Climate change is making droughts hotter and more intense. Even in the face devastating wildfires sweeping through California, Greece, and even the Arctic Circle, many still refuse to acknowledge the impacts of climate change over the years.

A new study conducted by researchers from the University of California Irvine shows how heat waves and drought are connected, revealing that dry, hot months in the summer are only getting hotter and drier due to climate change.

The results, published in the journal Science Advances, show that the increased devastation of wildfires, the long stretches of record-breaking heat waves, and an increase in droughts and weather extremes are not random freak occurrences, but a stark forecast for the future.

During droughts, soil moisture and plant water stores are quickly used up causing vegetation to die off and watersheds to deplete.

The researchers found that in recent decades, temperatures during droughts are rising faster than in past years because of changes in atmospheric water vapor which only exacerbates drought conditions.

“Available soil moisture can remove surface heat through evaporation, but if the land is dry, there is no opportunity to transport it away, which increases the local temperature,” said Felicia Chiang, the lead author of the study. “Atmospheric conditions can influence soil, and we argue that they’re shaping the temperatures we experience during droughts.”

The researchers analyzed temperature and precipitation data collected through the 20th century and discovered that areas in the United States prone to droughts warmed four times faster than regions in the southern and northeastern parts of the country.

Warmer temperatures mean more droughts and heat-waves which increases the risk of wildfires. This is a well-documented pattern we have seen around the world in recent years.

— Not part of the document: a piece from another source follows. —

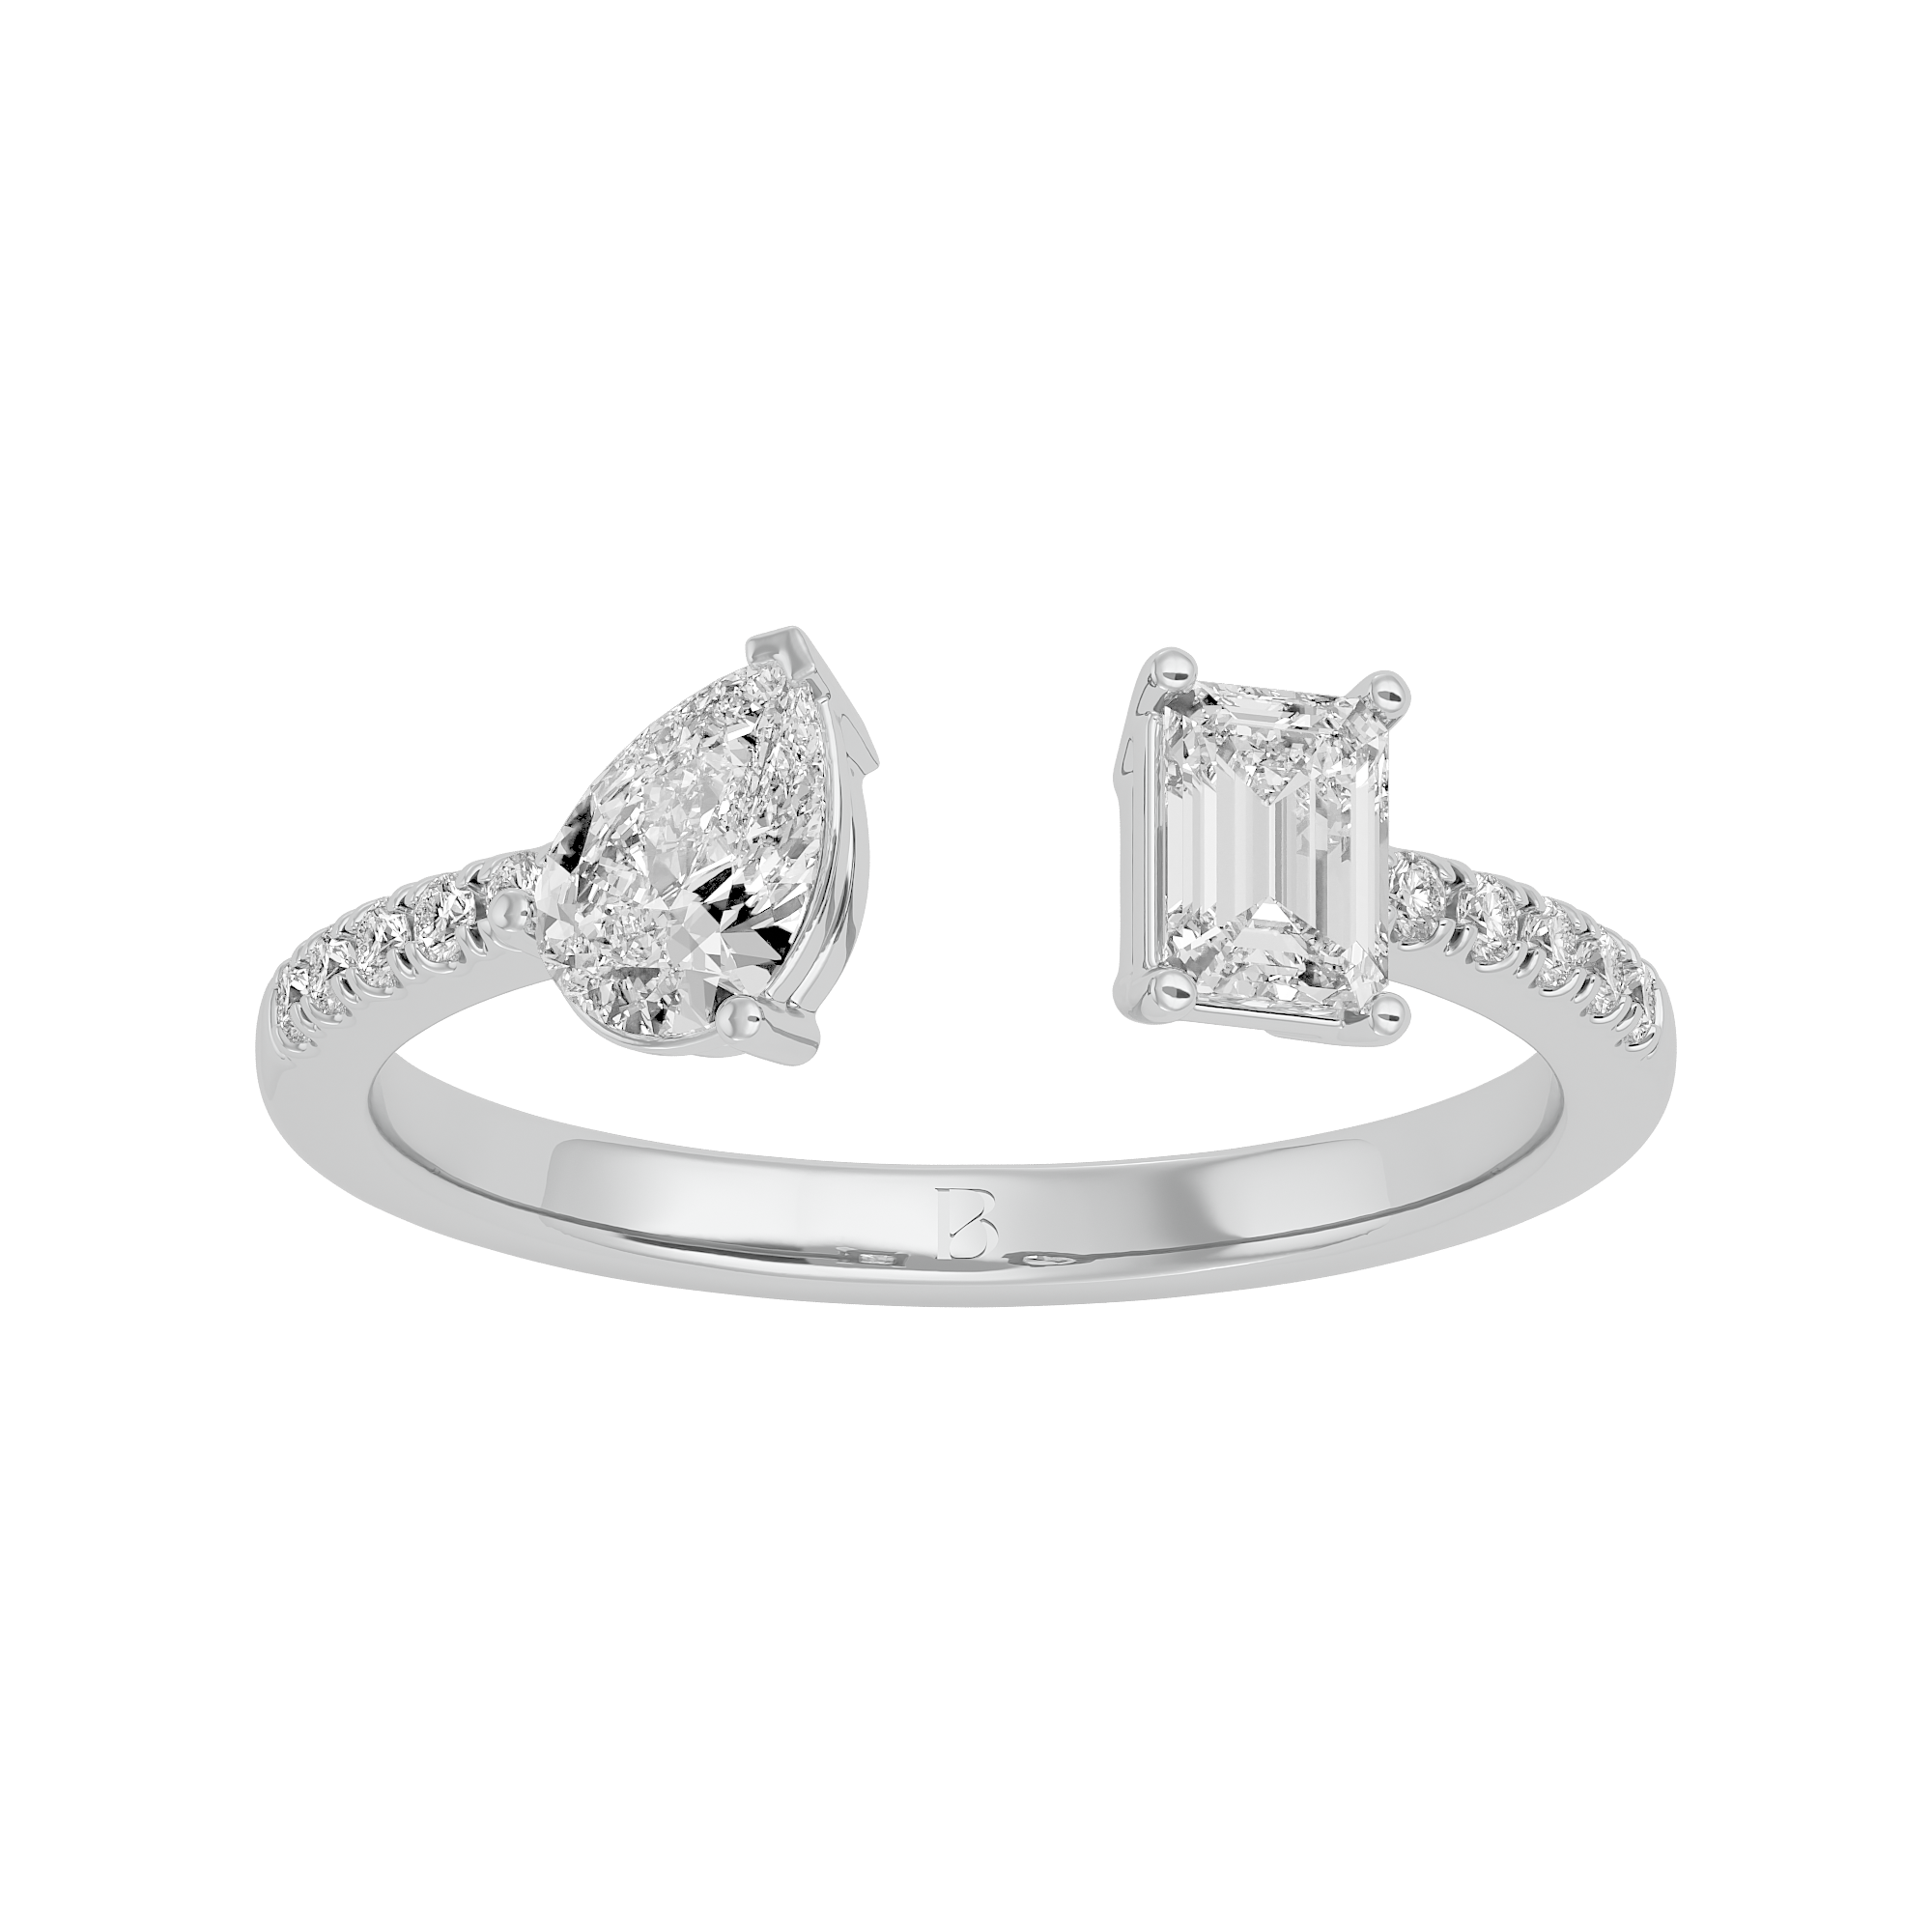 Charisma Solitaire Lab Grown Diamond Ring in White Gold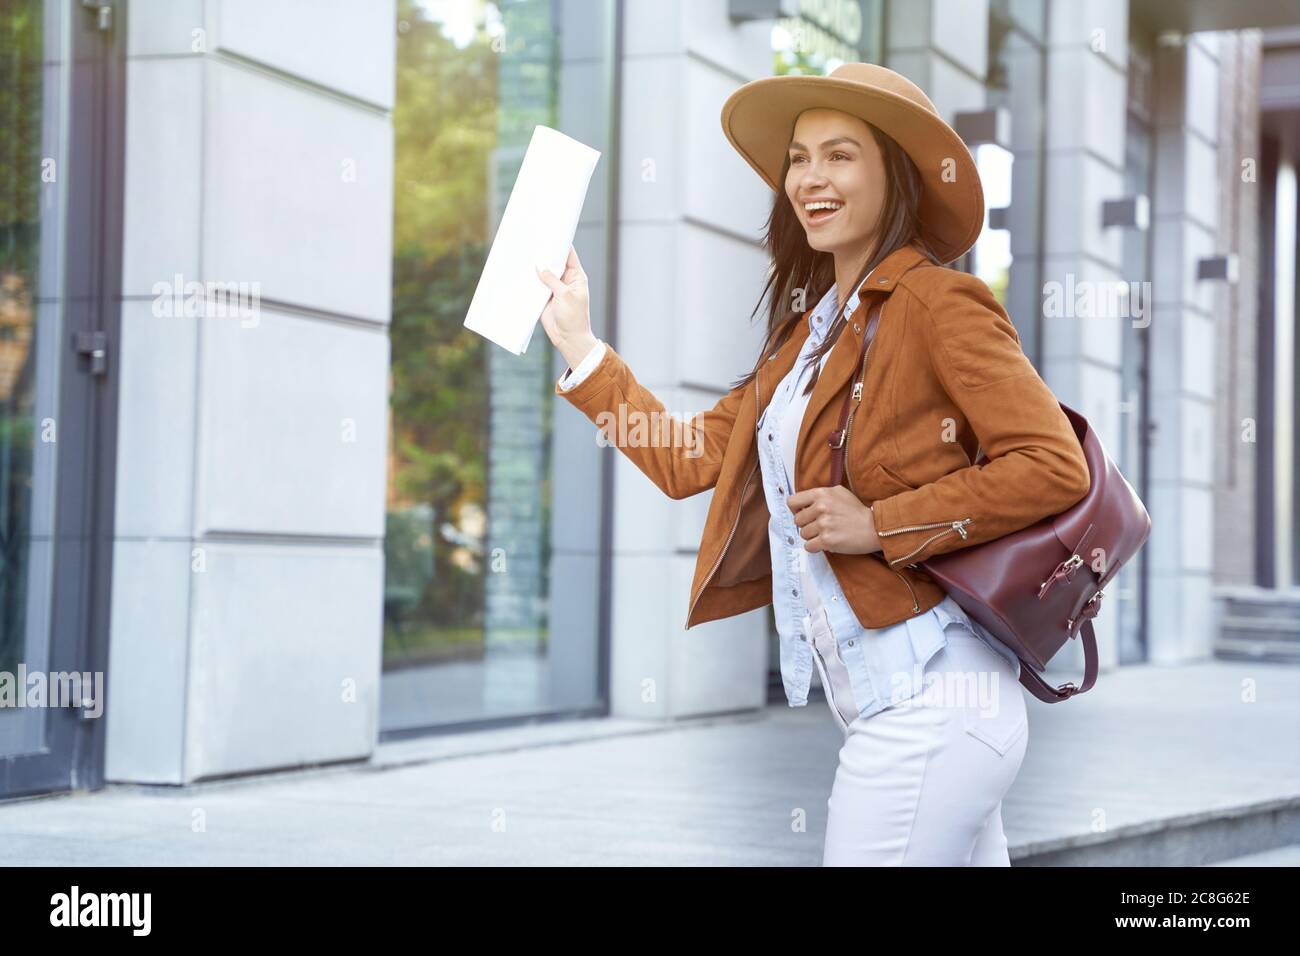 Travelling making us happy. Young and beautiful cheerful female traveler or tourist wearing hat and backpack holding map and smiling while walking on city street. Vacation, trip. Traveling and tourism Stock Photo

“Heat waves and droughts have significant impacts on their own, but when they occur simultaneously, their negative effects are greatly compounded,” said Amir AghaKouchak, a co-author of the study. “Both phenomena, which are intensifying due to climate warming, are expected to have increasingly harmful consequences for agriculture, infrastructure, and human health.”

The study explains exactly how droughts and climate change are interconnected and that unless more is done to mitigate climate change, we will only see an increase in extreme weather events, heat waves, droughts and with it devastating wildfires.

“The observed escalation in the number and intensity of wildfires is likely caused by the increase in frequency of hot droughts,” said AghaKouchak. “We need to bolster our resiliency against these threats to protect our population health, food supply and critical infrastructure.”